Hastalık ilerledikçe ağız ağzında , ağzın tüm mukoza zarında ve dil bölgesinde bezelye ve güvercin yumurtası büyüklüğünde içi sıvı dolu kabarcıklar ( afta ) oluşur. Aynı zamanda pençe bölgesinde, meme derisinde ve meme başlarında başka aftlar gelişir. Genel durum ciddi şekilde bozulmuştur. Hayvanlar, kapalı ağızlar, şapırdayan çene hareketleri ve topallık şeklinde ağrı ifadeleri gösterirler. Kabarcıklar patladıktan sonra erozyonlar oluşur - bazı durumlarda geniş alanlar - ve iyileşme süreci başlar. Aynı zamanda sürüdeki diğer hayvanlar da sürekli hastalanıyor. Ağız bölgesindeki lezyonların iyileşmesi 14 gün kadar sürer. Pençe naftası bir ay içinde iyileşir. Nekahat dönemi genellikle ikincil bakteriyel enfeksiyonlar tarafından bozulur.

Kısmen hafif semptomlara sahip iyi huylu hastalık varyantlarına ek olarak ( öldürücülük %2-5), ayrıca hastalığın kötü huylu bir seyri de vardır (%80'e kadar ölüm). Nedeni, belirgin miyotropizm ile güçlü bir şekilde öldürücü patojenlerdir. Bu form tercihen buzağılarda görülür. Hafif seyirlerde bile bu yaş grubunda miyokarditin neden olduğu kalp kası hasarı ön plandadır. Etkilenen hayvanlar, şiddetli bir genel hastalık belirtileriyle 24 saat içinde ölürler.
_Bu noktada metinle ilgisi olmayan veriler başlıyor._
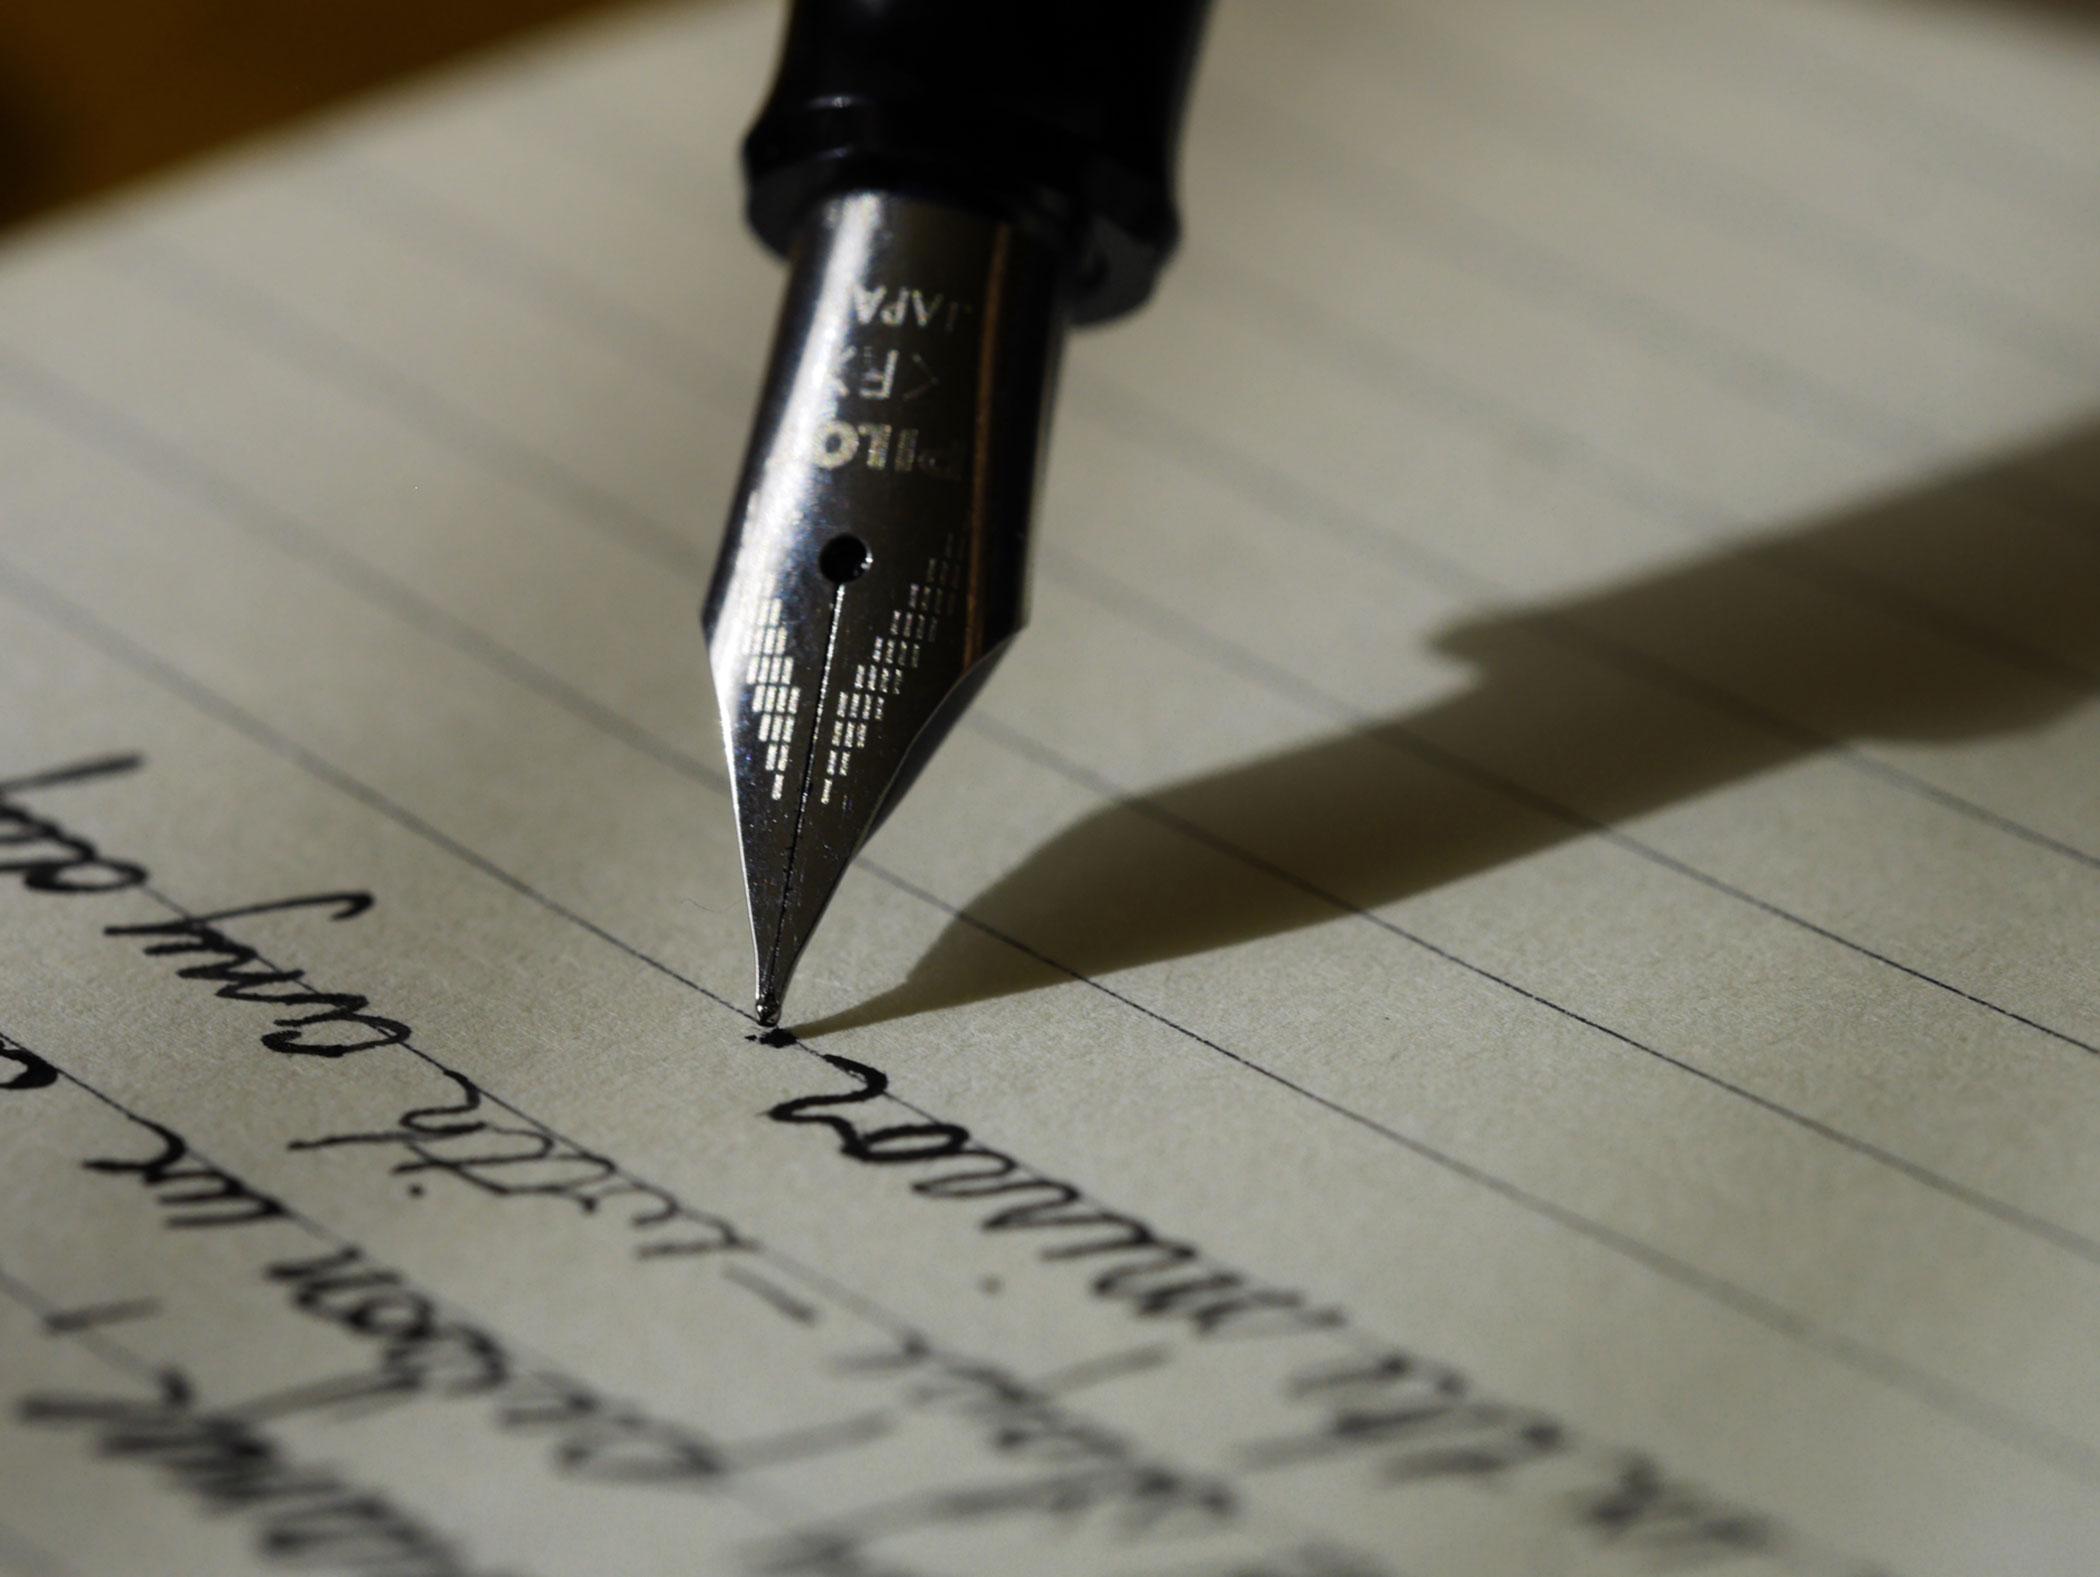 pluma escribiendo papel

Doğal enfeksiyon, ilgili virüs tipine karşı 12 aya kadar dirençli bir bağışıklık bırakır. Bir enfeksiyondan sağ çıktıktan sonra ortaya çıkan ve beklenen uzun vadeli hasar, bakteriyel sekonder enfeksiyonlar, mastitis , tek boynuz ve pençe değişiklikleri, " tırnağa " (pençe boynuzunun tamamen ayrılması), kas hasarı, miyokardit ve ayrıca kalıcı masif performans depresyonudur. ve dayanıklılık kaybı.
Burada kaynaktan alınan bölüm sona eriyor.